▶ **PROBLEM REQUIREMENTS**: Return all of the data that follows precisely, leaving every image out.

▶ **DATASET SECTION**:

________________________________________

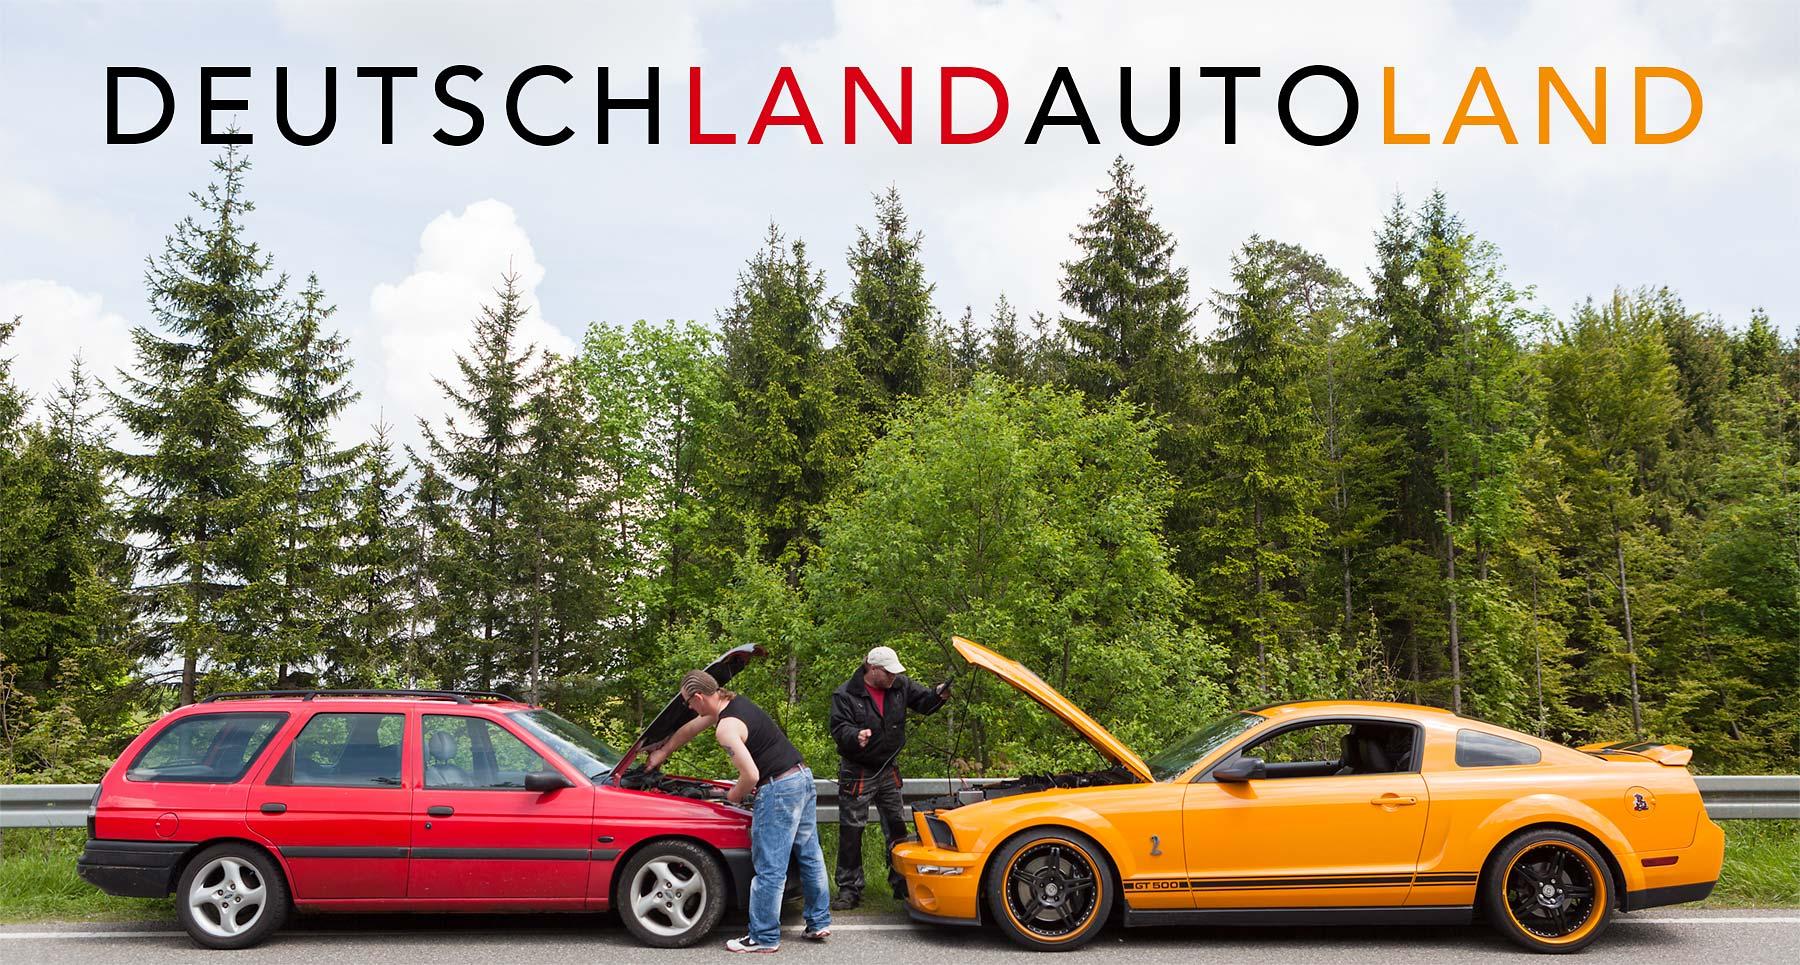 Autoland_featued_01
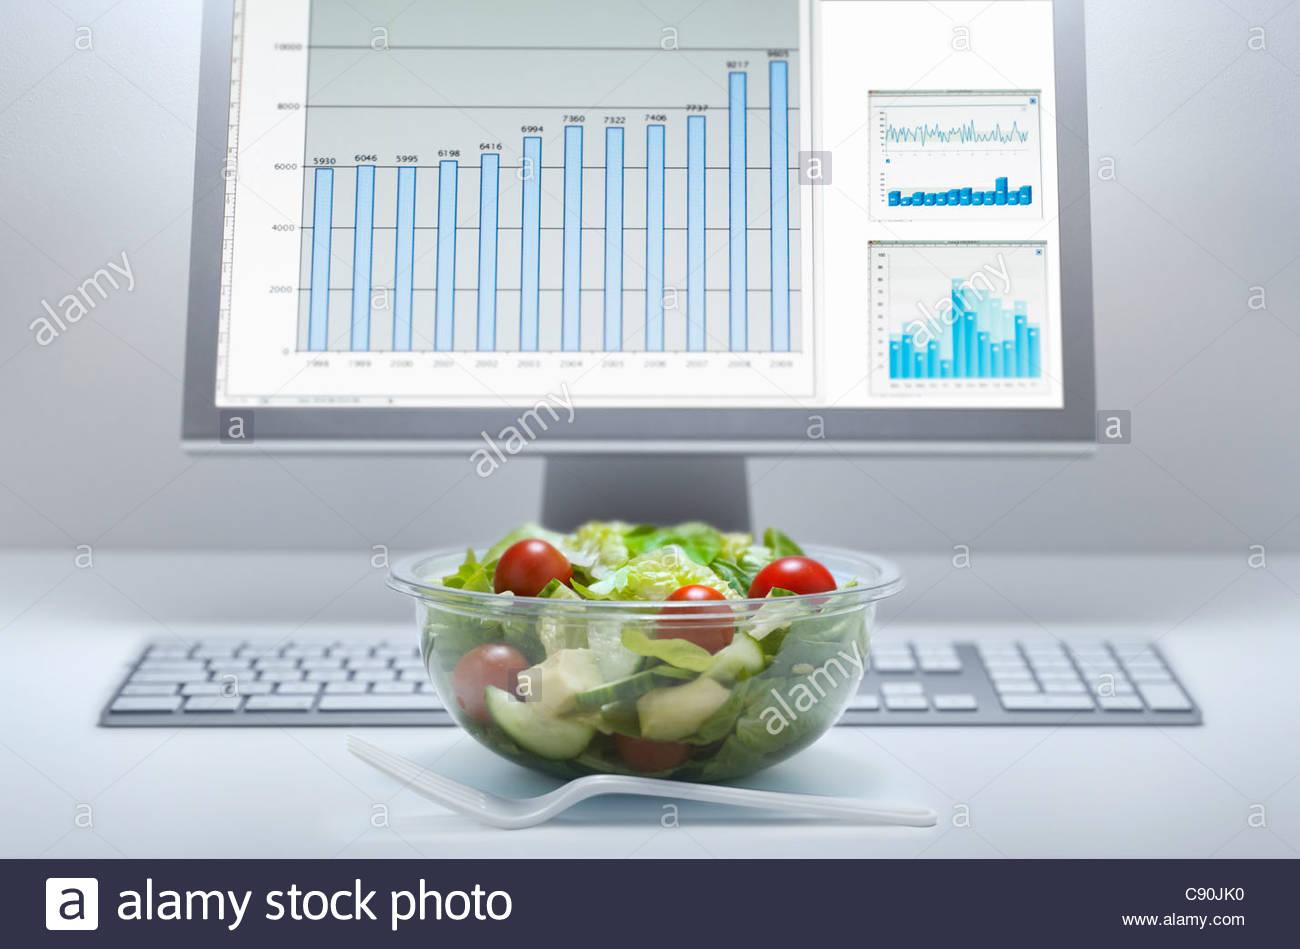 Bowl of salad at computer desk - Stock Image
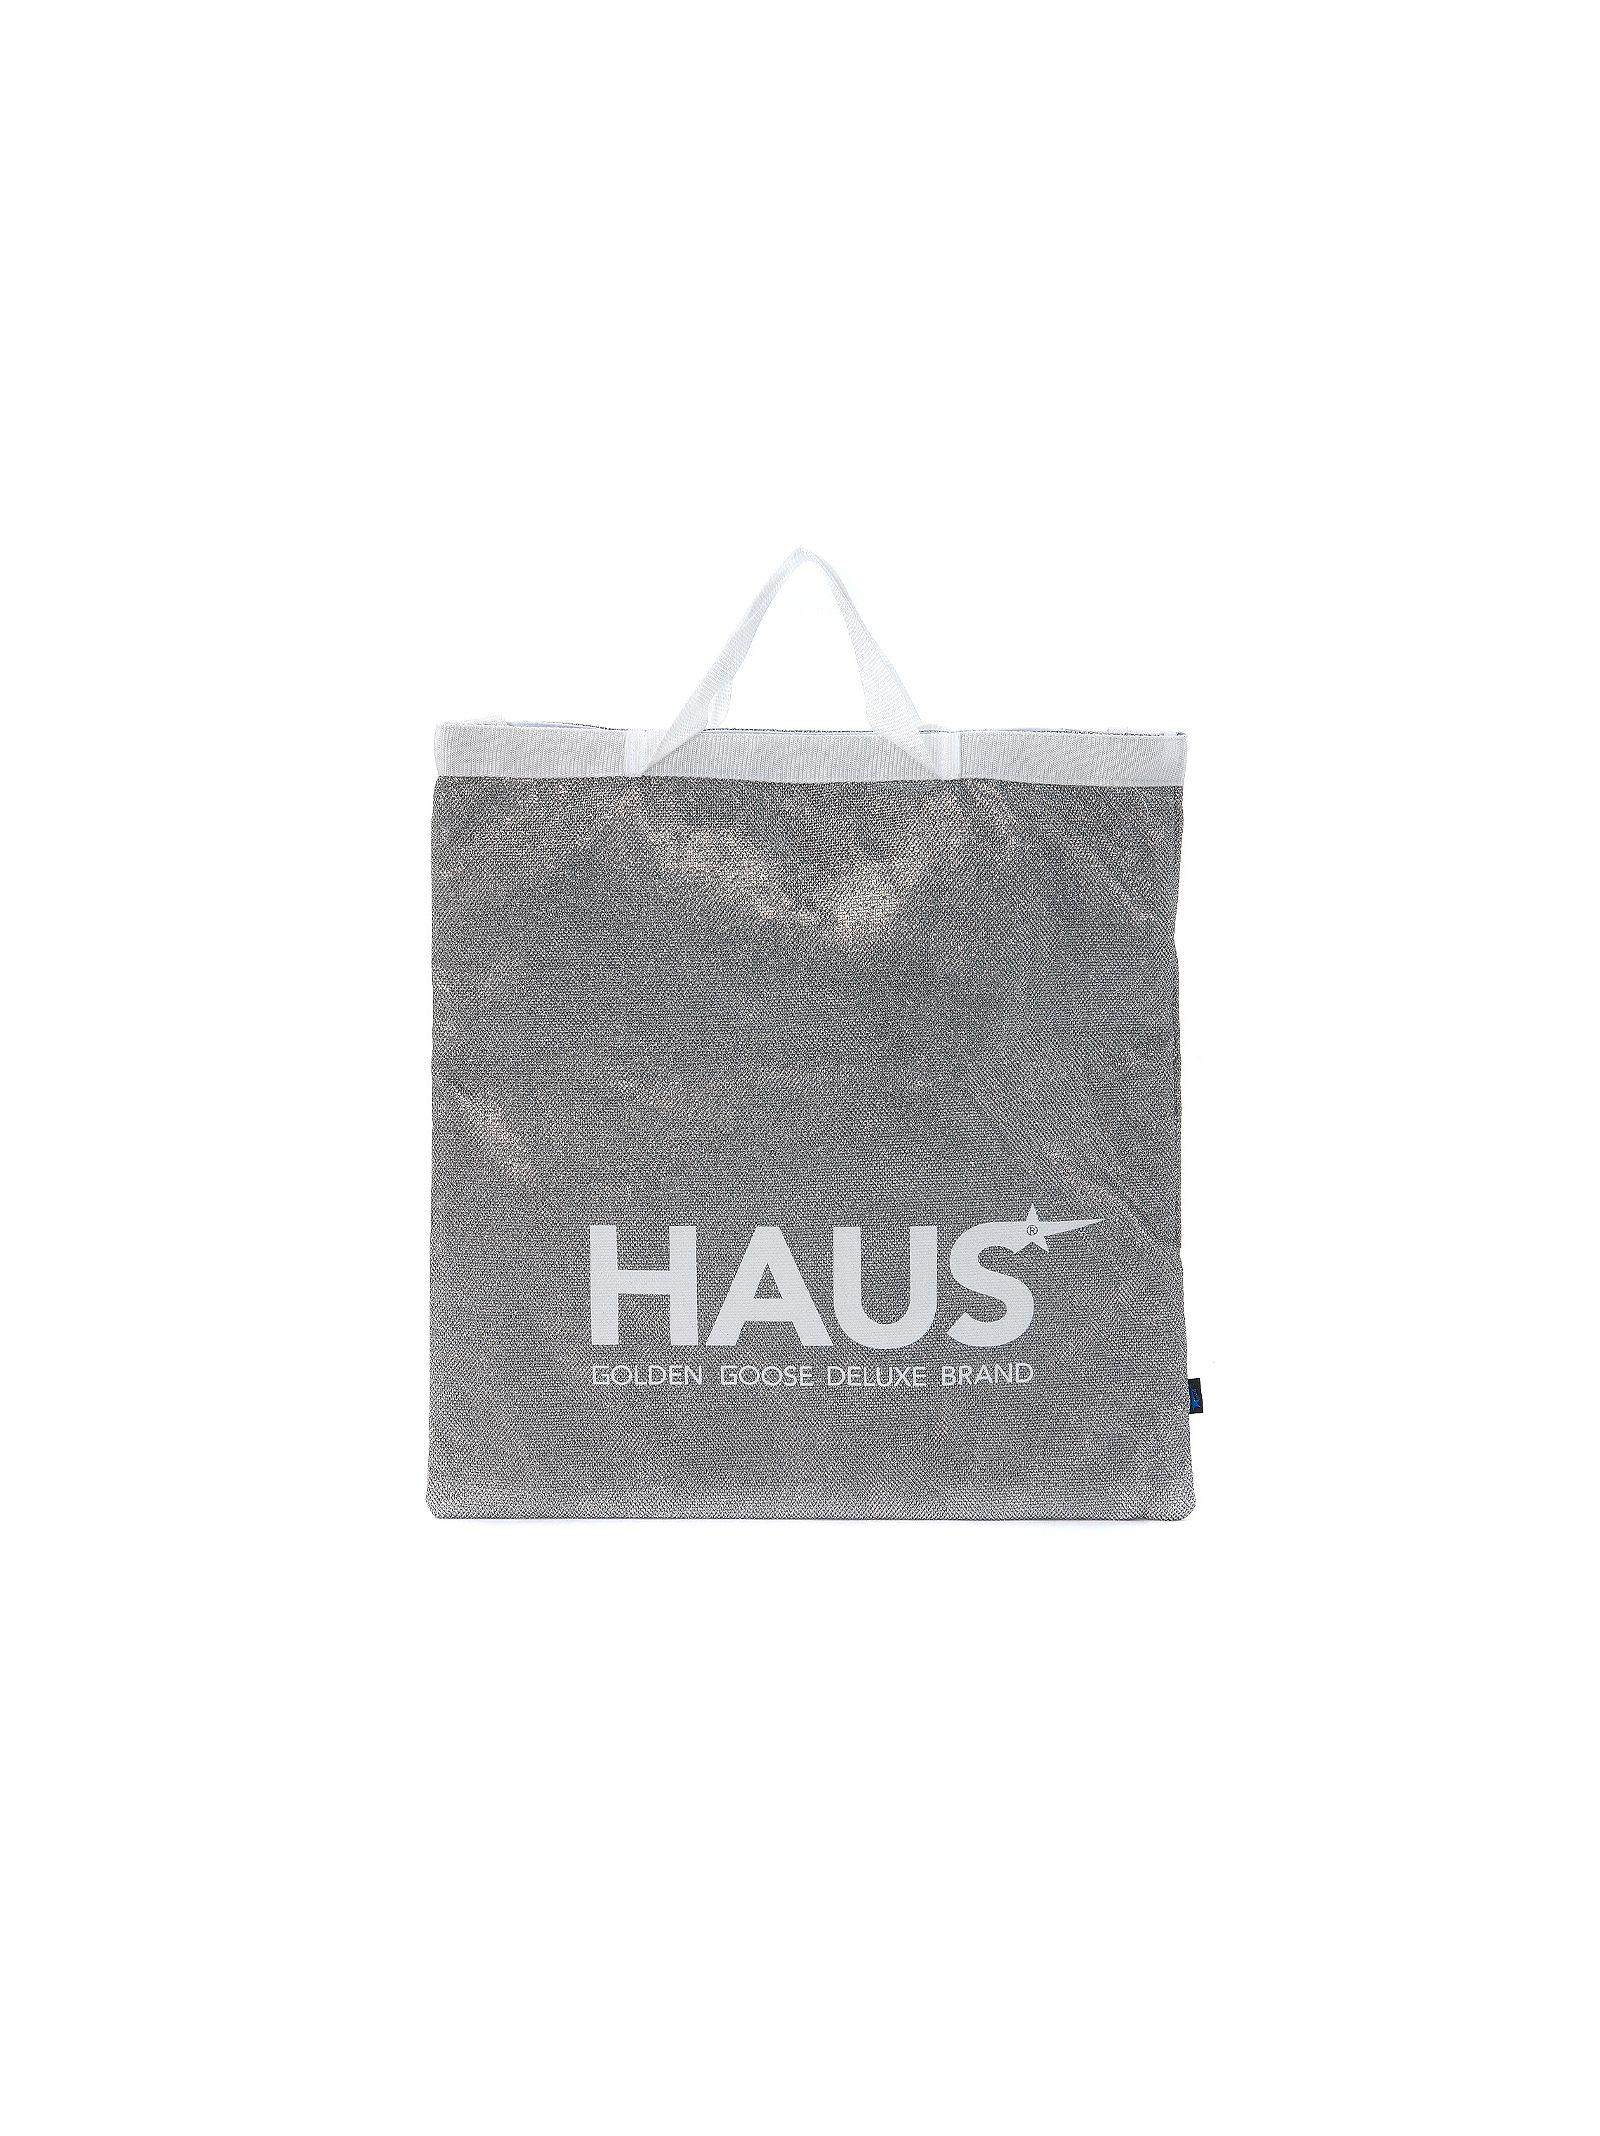 Haus Golden Goose Silver Glitter Shopping Handbag
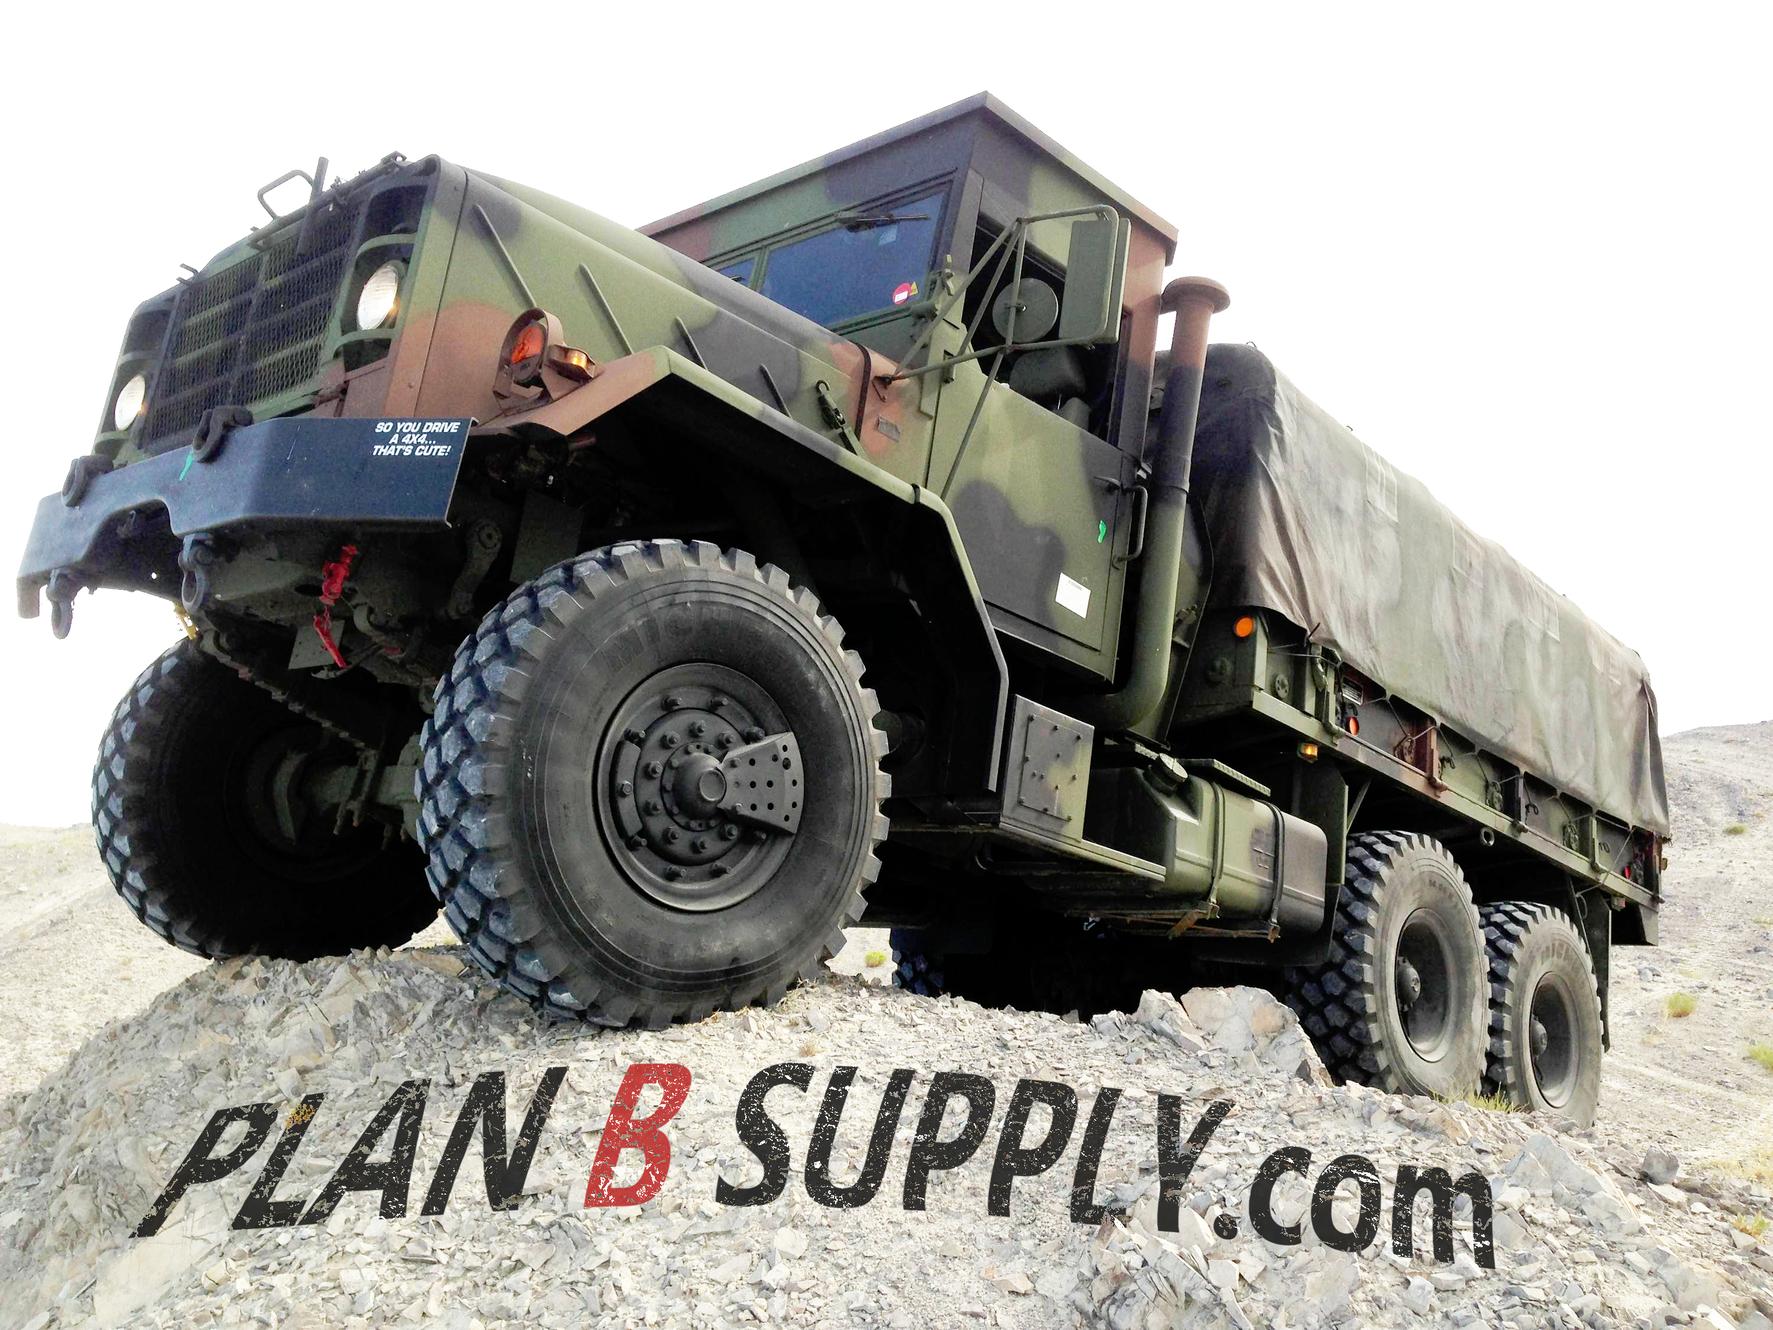 Military Hummer For Sale Humvee Hmmwv H1 Utah Mrap Aluminum 24 Volt Convoy Armored Vehicles Bobbed Duece And A Military Vehicles For Sale 6x6 Truck Army Truck

________________________________________

▶ **RESULT**:
 Autoland_featued_01
 Bowl of salad at computer desk - Stock Image
 Haus Golden Goose Silver Glitter Shopping Handbag
 Military Hummer For Sale Humvee Hmmwv H1 Utah Mrap Aluminum 24 Volt Convoy Armored Vehicles Bobbed Duece And A Military Vehicles For Sale 6x6 Truck Army Truck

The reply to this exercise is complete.